→ **Material provided**:
○ ○ ○ ○
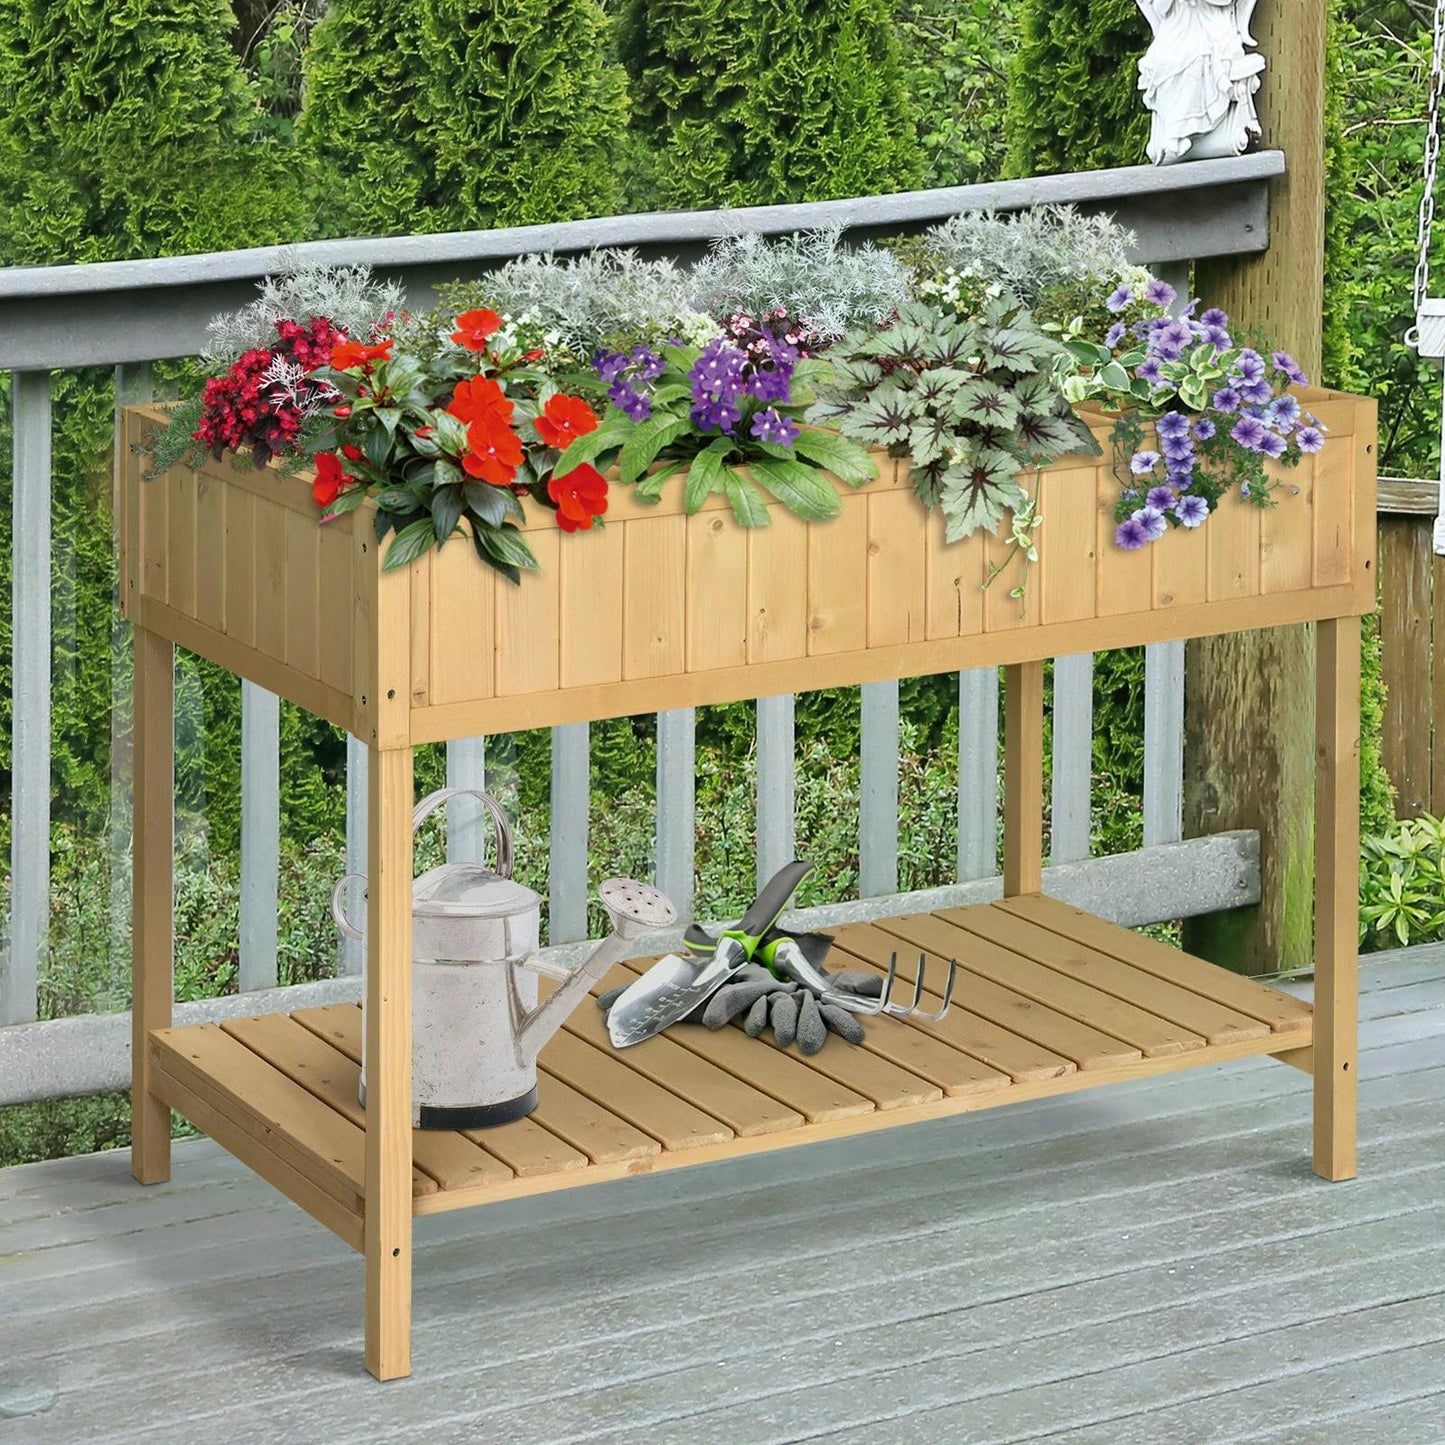 Outsunny Garden Wooden Planters, Flower Box Raised, Rectangular 8 Compartment Plant Stand, Oak Tone
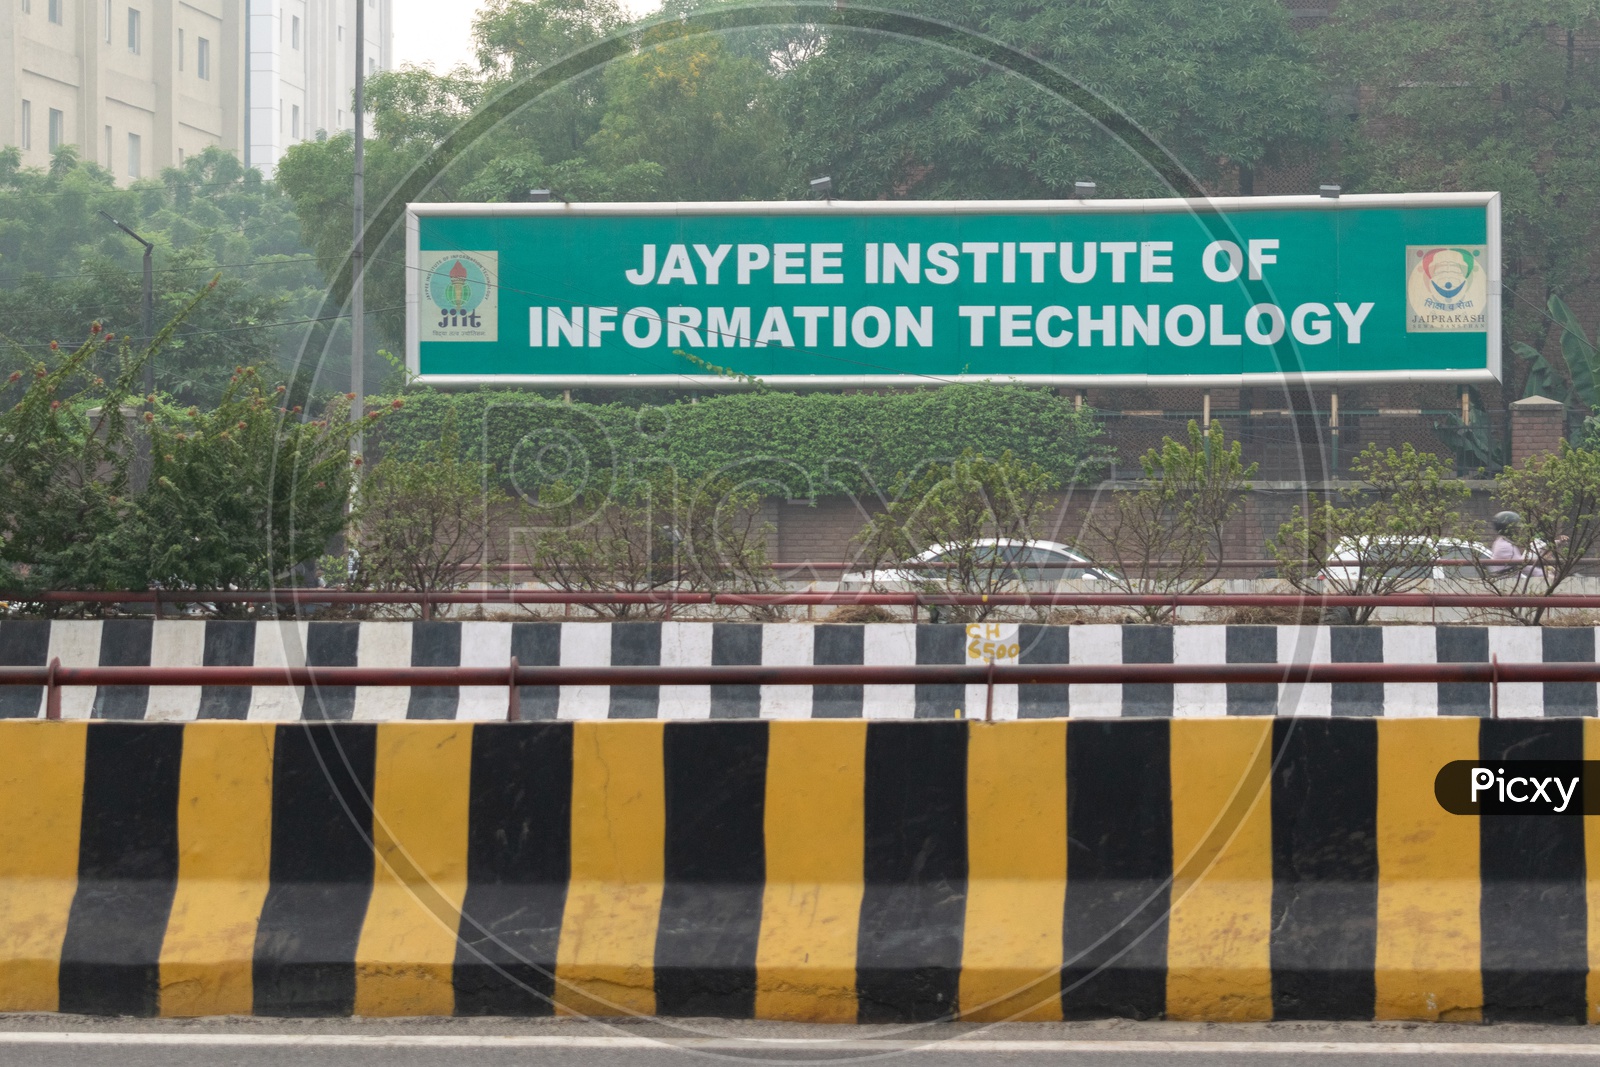 Jaypee Institute Of Information Technology  Name Board
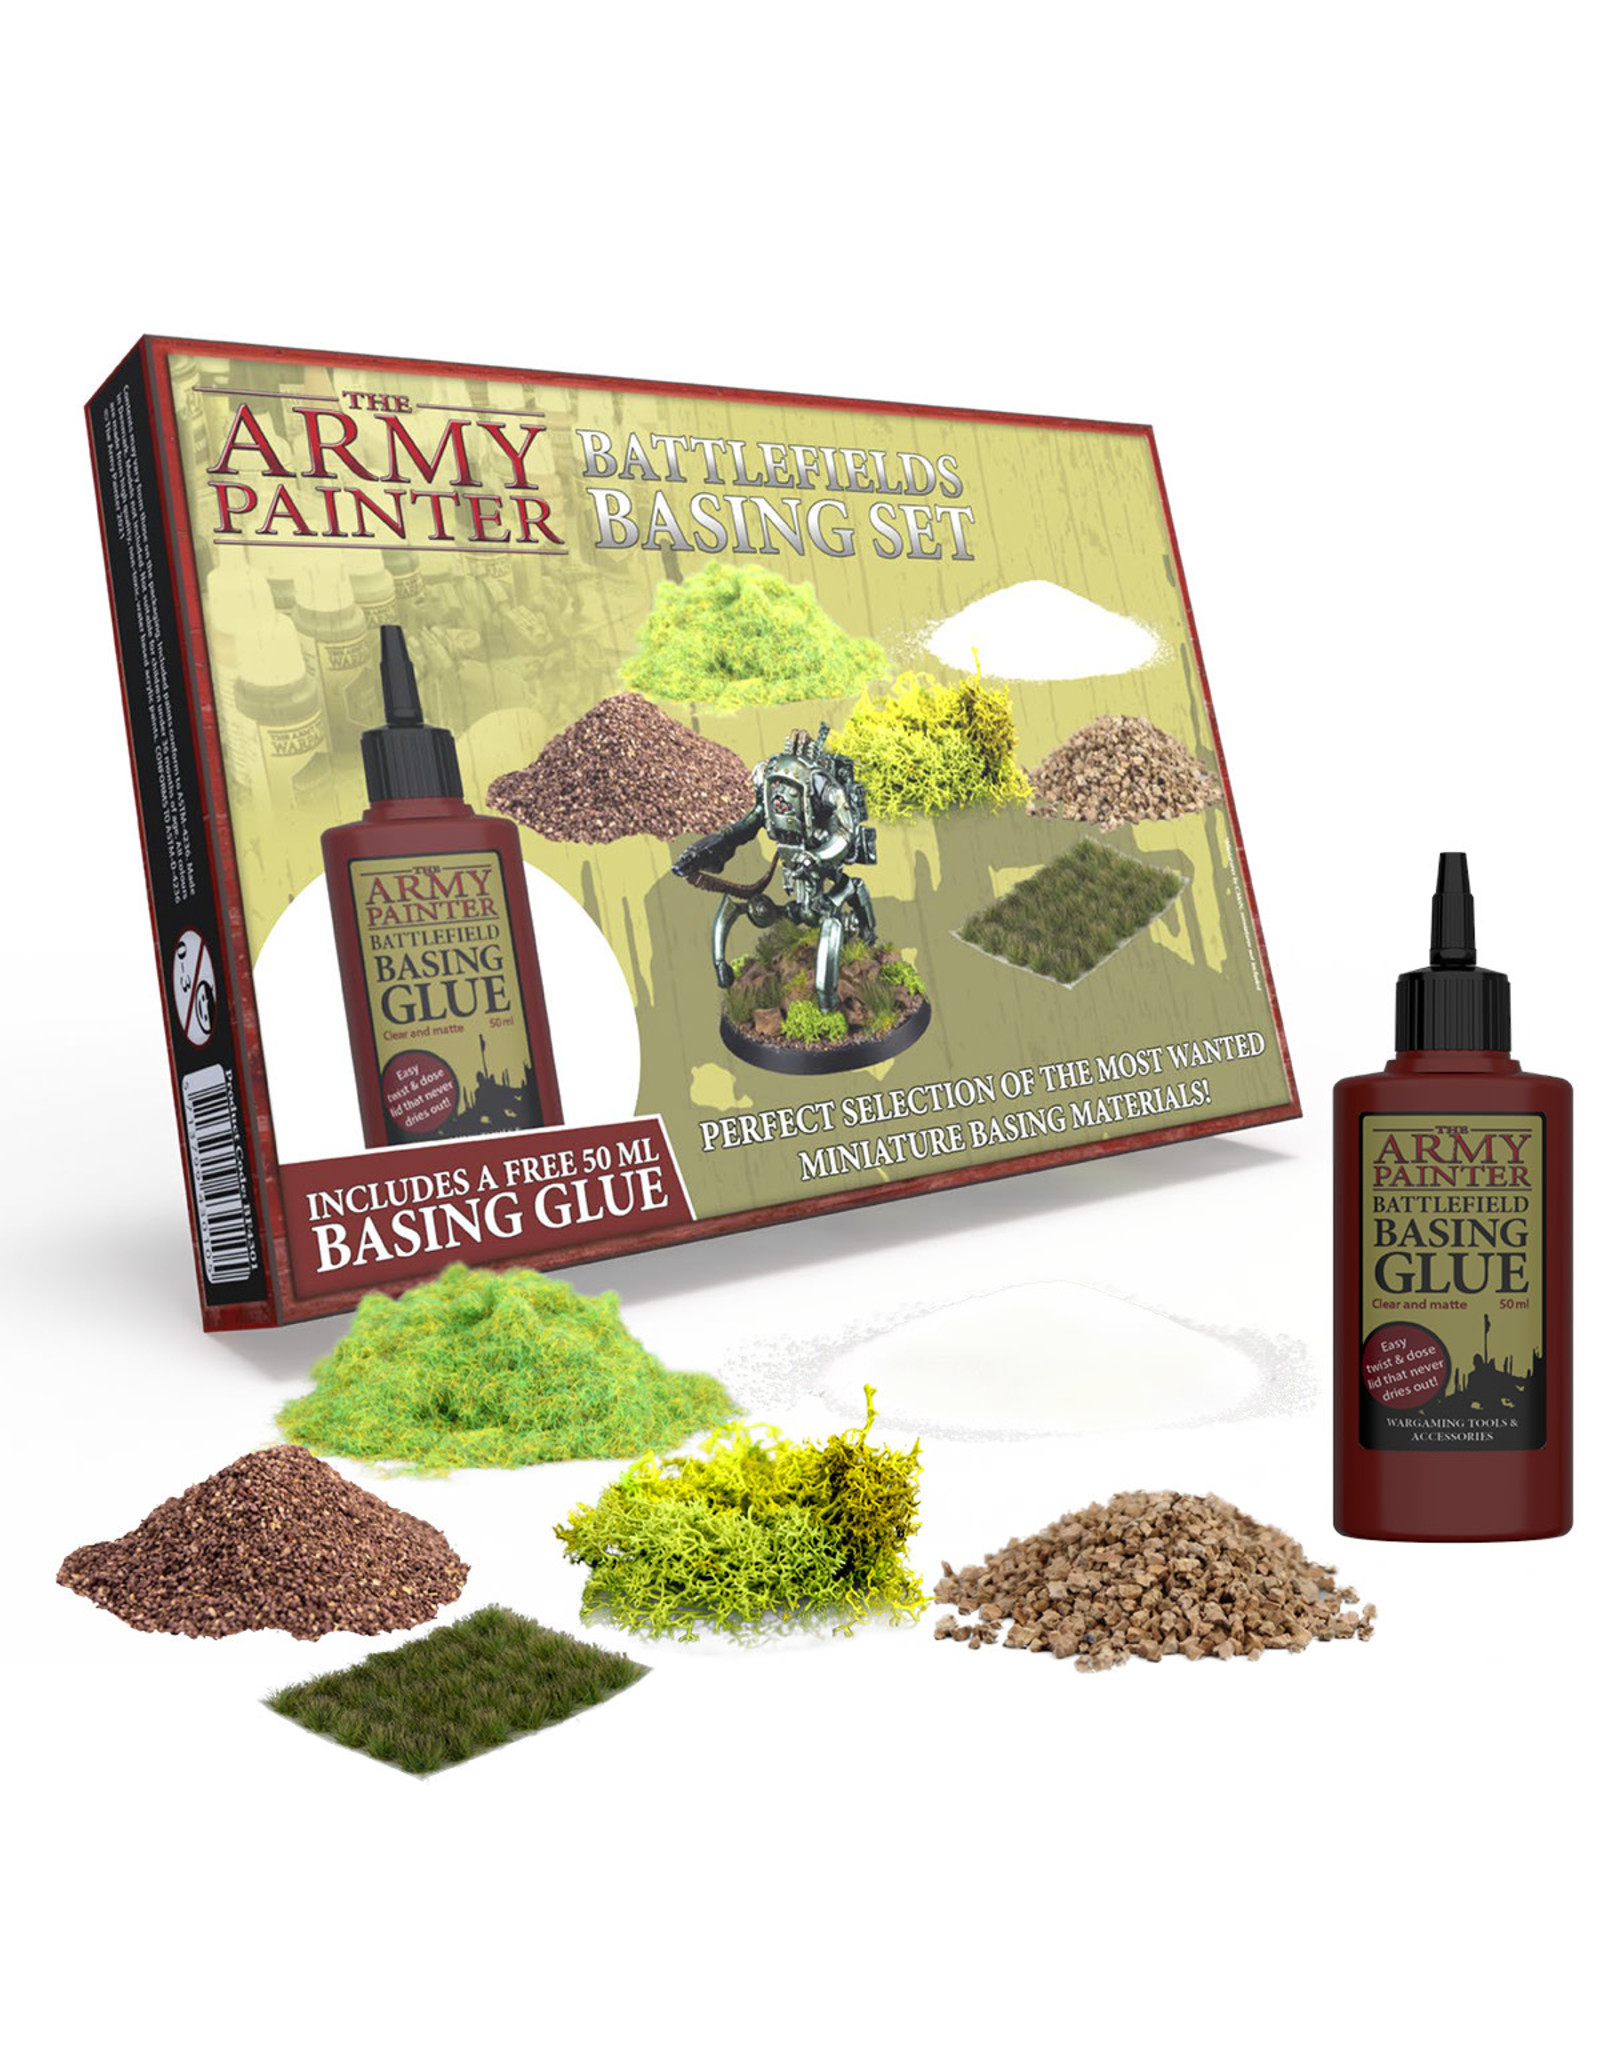 The Army Painter The Army Painter Battlefields Basing Set
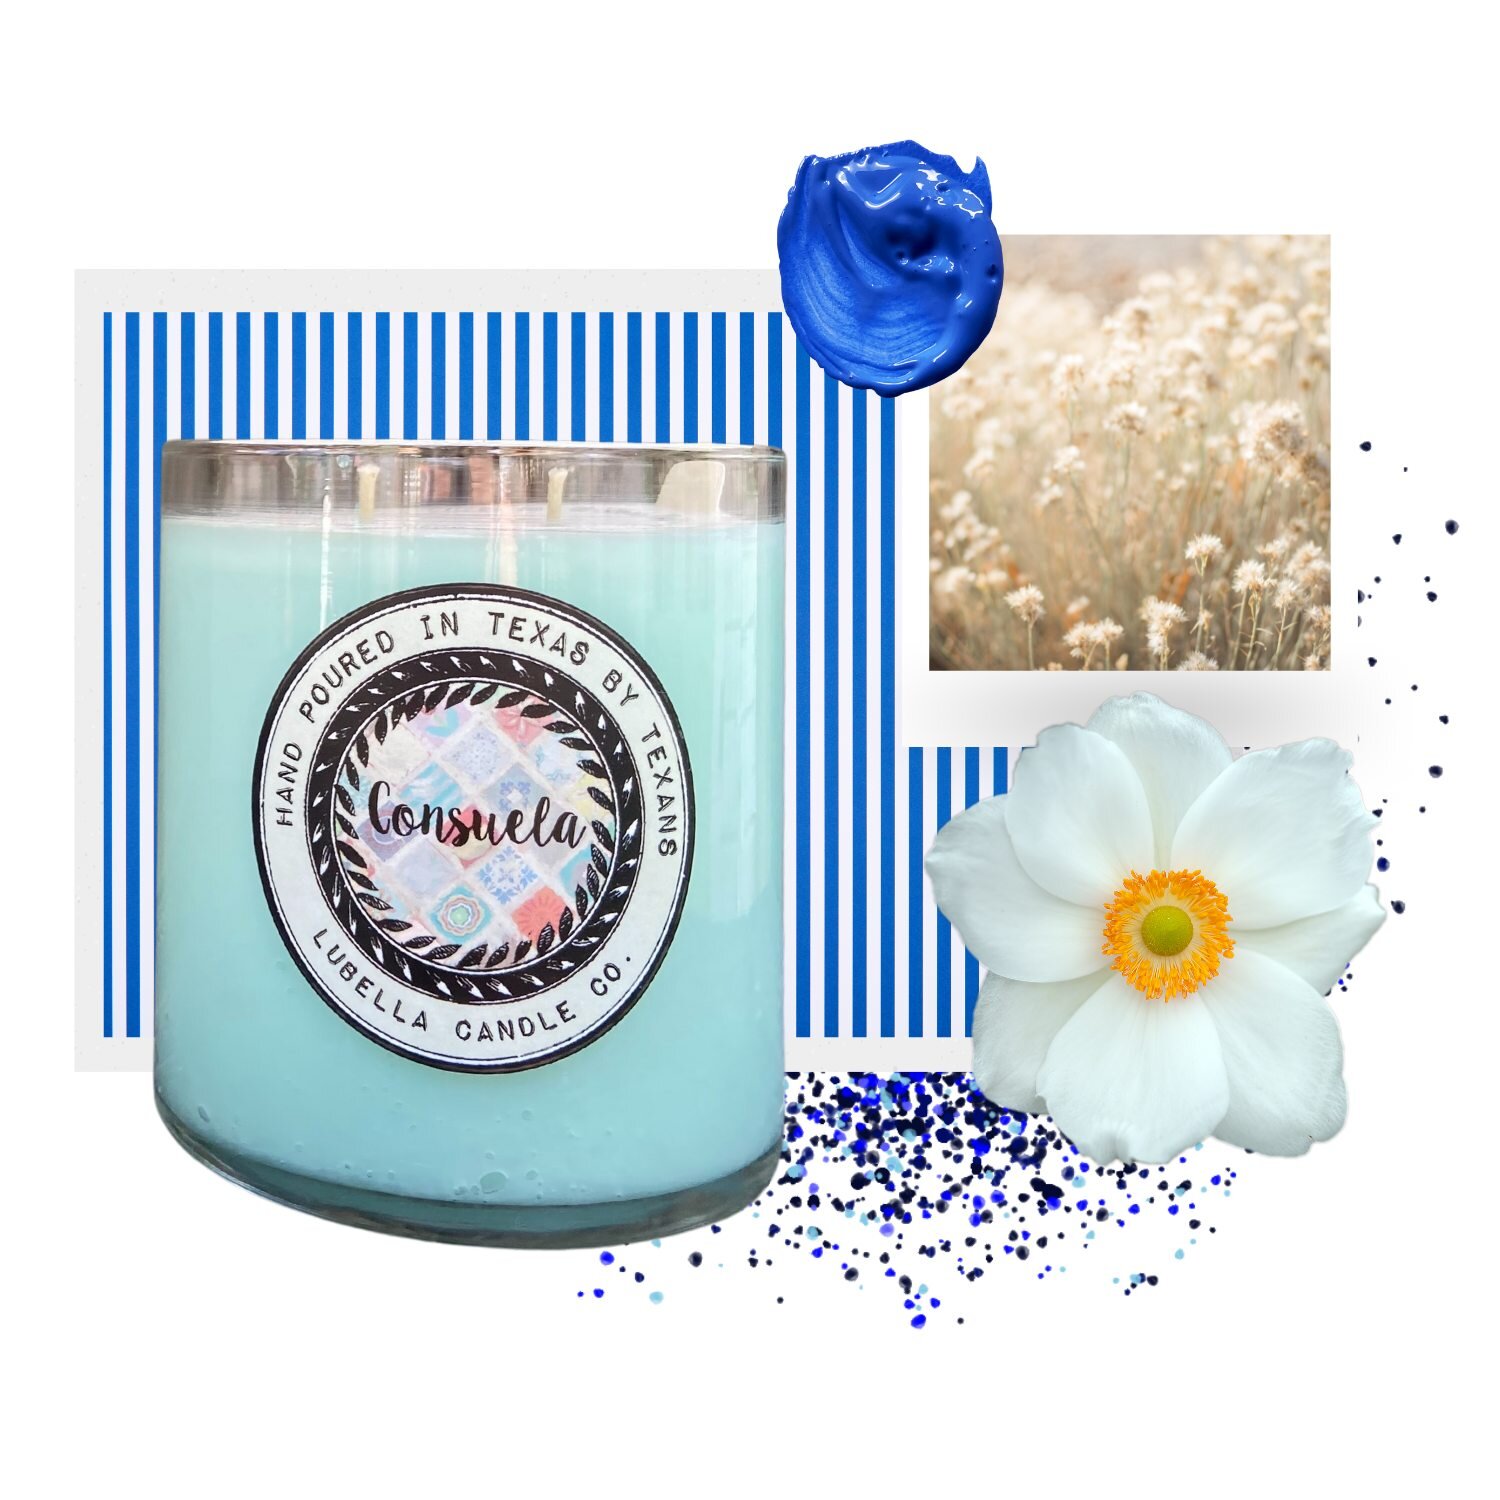 Lubella candles make the perfect gift for yourself and others! Treat yourself to some self-care, or surprise a loved one with a handcrafted candle. With our longlasting scents Lubella candles are sure to delight anyone. #LubellaCandles #SelfCare #Gif
○ ○ ○ ○
→ **What is expected**: The whole listing above must be returned exactly as written, with no pictures carried over.

→ **Worked solution**:
 Outsunny Garden Wooden Planters, Flower Box Raised, Rectangular 8 Compartment Plant Stand, Oak Tone
 Jaypee Institute Of Information Technology  Name Board
 The Army Painter The Army Painter Battlefields Basing Set
 Lubella candles make the perfect gift for yourself and others! Treat yourself to some self-care, or surprise a loved one with a handcrafted candle. With our longlasting scents Lubella candles are sure to delight anyone. #LubellaCandles #SelfCare #Gif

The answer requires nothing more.